Вторил Яволоду Семьюнко:
– За сестру свою князь Андрей заступаться не станет, ежели мы с волынянами и лучанами снесёмся и заедин будем. Давиду же и братьям его помогать опасно. Воистину, рать неисчислимая сия на нашу землю вослед Киеву нагрянет.
– Князь! – обратился к Ярославу Избигнев Ивачич. – Не торопись решенье принимать. Надобно в Киев человека послать, разузнать, каковы средь бояр тамошних настроенья. Коли отпустишь, я поеду. Перетолкую, разузнаю, что да как.
– Опасно это, Избигнев. И не ко времени, полагаю, – возразил ему, нахмурив чело, Ярослав. – Поступим так. Ввязываться нам в нынешнюю смуту – воистину, на себя лишь опасность навлекать. В том ты, Яволод, и ты, Семьюнко, правы оба. Давиду придётся отказать. И не мешкая гонцов слать в Луцк и во Владимир. И к ляхам, и к королю Беле. Чтобы, если вздумает Андрей на наши земли идти, всем вместе отпор ему дать.
– Что же, ждать нам, в сторонке, в кустах отсиживаться?! – воскликнул в сердцах молодой сын покойного воеводы Тудора.
– А зачем ратникам нашим головы класть за Ростиславичей? Они что, много лучше Андрея со Святославом?! – выкрикнул в ответ Филипп Молибогич.
До поздней ночи спорили бояре, но в конце концов согласились со своим князем. Давида проводили из Галича с почестями, но с вежливым отказом. А вслед за ним полетели по шляхам, вздымая клубы белой пыли, гонцы в Луцк, в Червен, в Пешт. Послал Ярослав отрока и в Белгород, в устье Днестра, к ещё живущему воеводе Нечаю с наказом прислать в Галич полк.
Звенело железо, острились мечи, ковались кольчуги. Неспокойно было на Червонной Руси в то лето.
Глава 72
С чего началось это? Как возникла сама мысль? Или то помысл греховный овладел Ярославом, не пресёк он его вовремя, или некий голос дьявольский проснулся, залез откуда-то к нему в душу, коварно нашёптывая: «Ты, ты самый великий, самый сильный князь во всей Руси!
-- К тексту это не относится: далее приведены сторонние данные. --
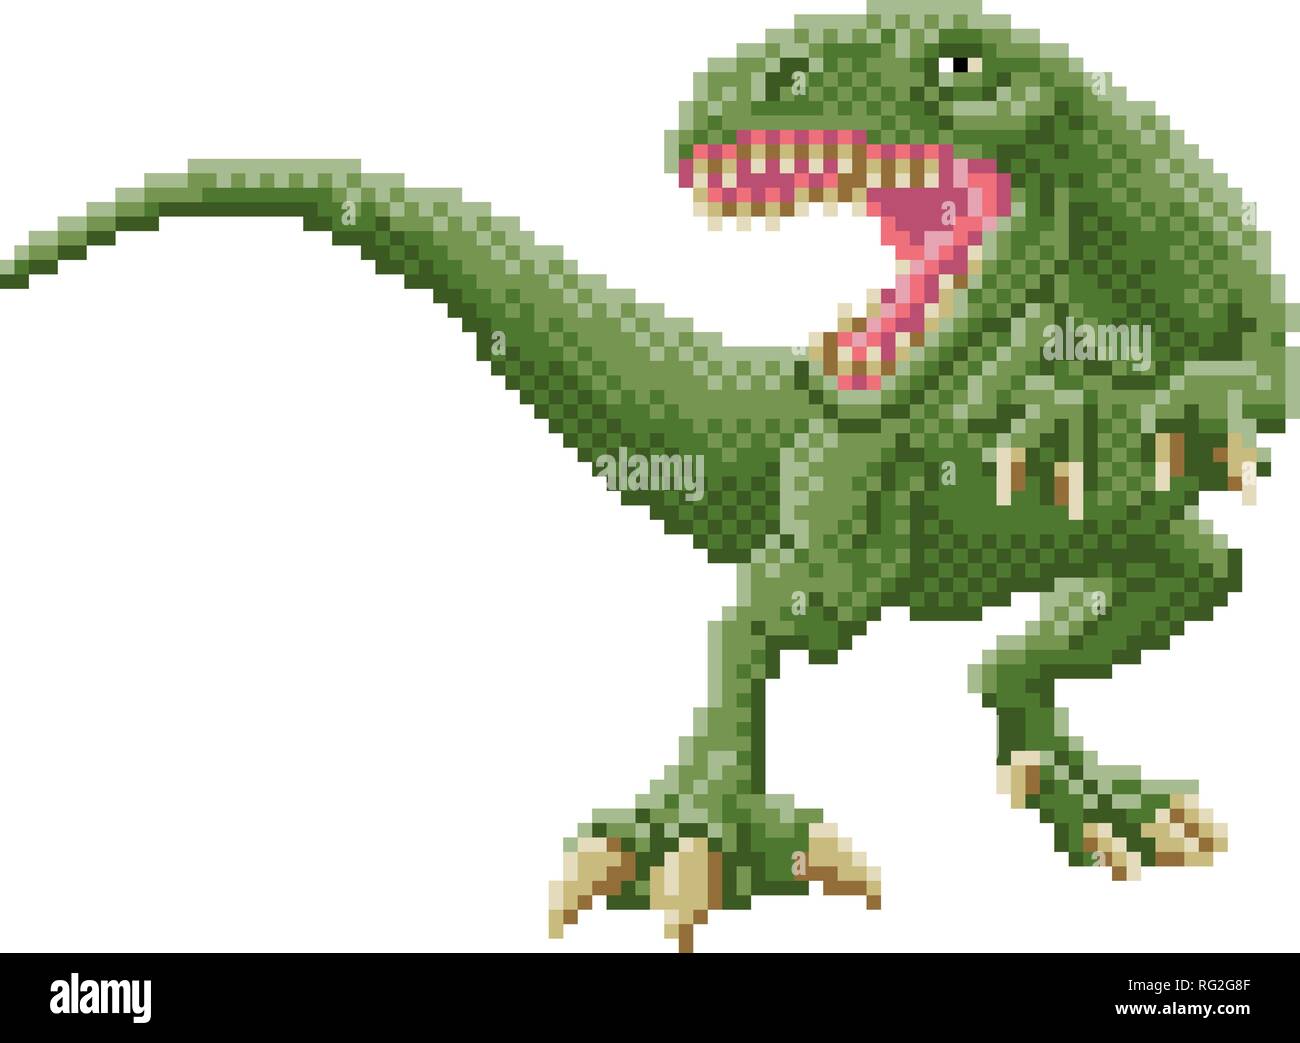 Trex dinosaure 8 Bit Pixel Art jeu Arcade Cartoon Illustration de Vecteur
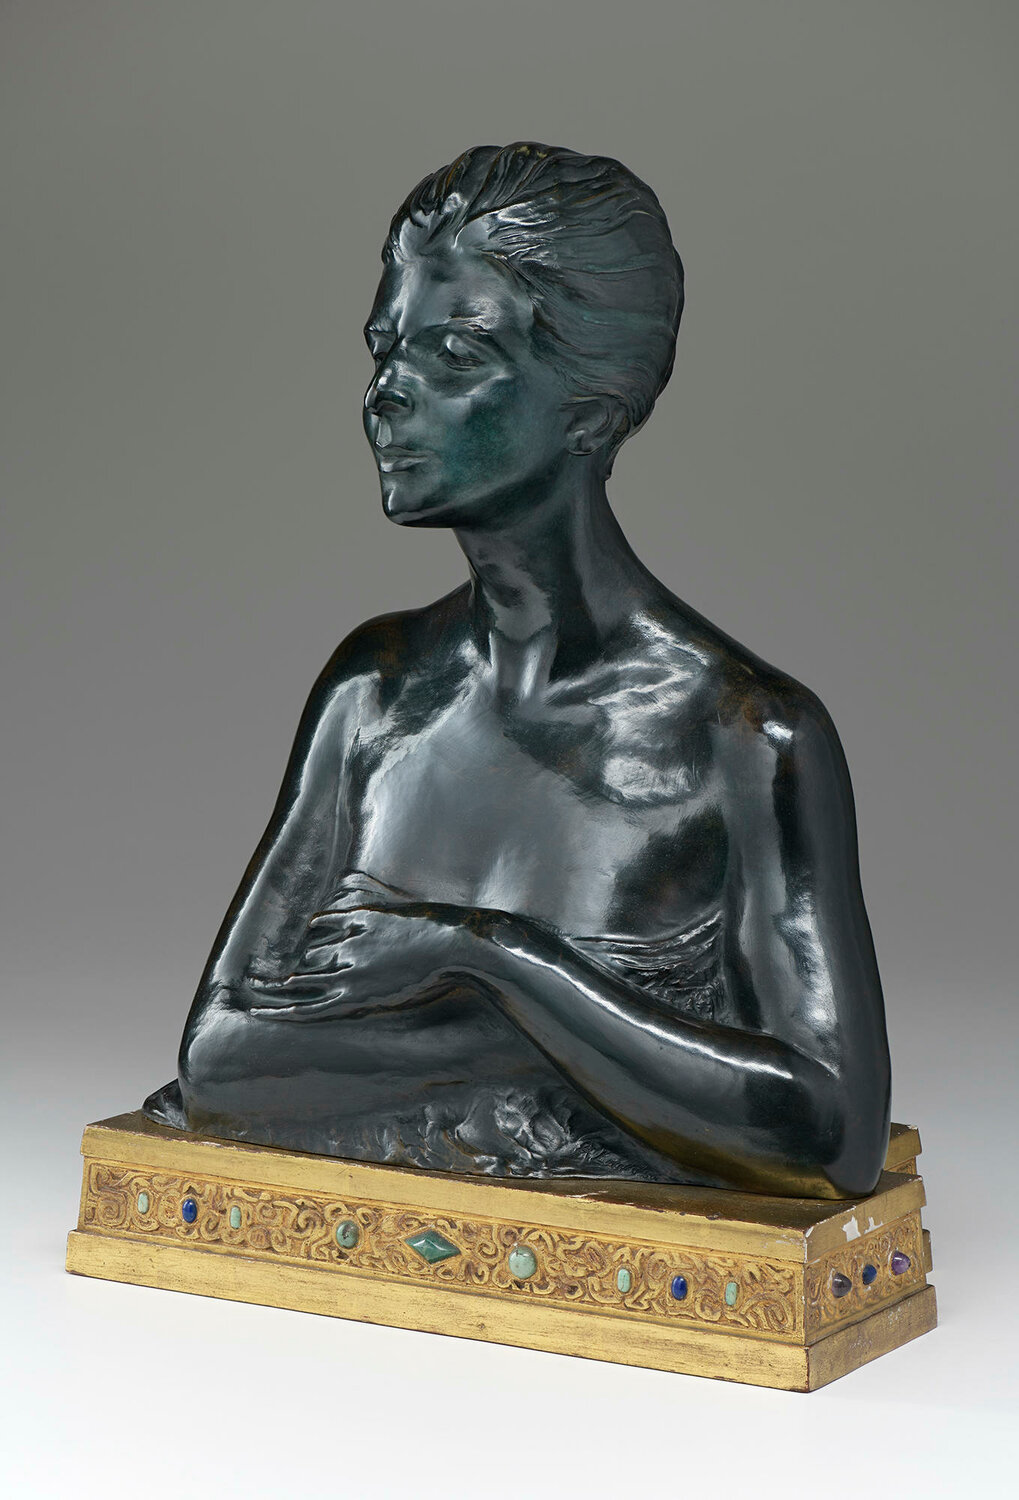 Anna Coleman Ladd’s bronze bust of Maria de Acosta Sargent purchased in 1915 by Isabella Stewart Gardner, can be seen today in Boston’s Isabella Stewart Gardner Museum’s Macknight room.

Что там Андрей?! Ростиславичей, и тех победить не может с войском в пятьдесят тысяч!»
Осада Вышгорода, в котором засел младший Давидов брат, Мстислав, началась ещё восьмого октября, но рати союзные, хотя и крепко приступали к городским стенам, терпели большой урон. Упрямо держался воинственный Ростиславич, совершал не раз неожиданные вылазки, приводя противников в смятение и обращая их в бегство. Святослав Всеволодович, сват Осмомыслов, по всему видно, оказался стратилатом неважным, никак не мог наладить он в войсках своих должный порядок. Шли седьмица за седьмицей, а управиться двадцать князей с одним никак не могли.
«Не настала ли пора вмешаться?! Не поискать ли самому великого стола?!» – сидела в голове Ярослава неотвязная мыслишка.
Разжигала её, раздувала, как огонь в костре, ночами молодая жена.
– Твоё ведь место там, на столе киевском! – убеждала Анастасия Ярославна. – Ибо род твой – от самого старшего сына Ярослава Мудрого, от первенца егового – Владимира. Ну и что, коли помер он раньше свово отца, ну и что, еже не достался его потомкам золотой стол дедовский? Дак исправить пора настала несправедливость сию!
Сперва он её не слушал, отмахивался, как от мухи. Всю жизнь свою укреплял Ярослав доставшееся ему в наследство обширное отцовское княжество, судил-рядил, оберегал Русь Червонную от ворогов, лелеял, как пахарь землю. Киев был где-то в стороне, был городом древней славянской славы, городом предков, и не более того. Но вот как-то постепенно, по мере того как из Вышгорода приходили свежие новости, овладевала им, охватывала всё сильней и сильней гордыня. А Анастасия Ярославна умело, тихо, ненавязчиво, но из раза в раз, улучив мгновение, подсказывала:
– Ты бы совокупился с батюшкой моим да с Романом. Вместях выступили б да пошли на Киев. Не управиться ить свату твому без тебя со Мстиславом.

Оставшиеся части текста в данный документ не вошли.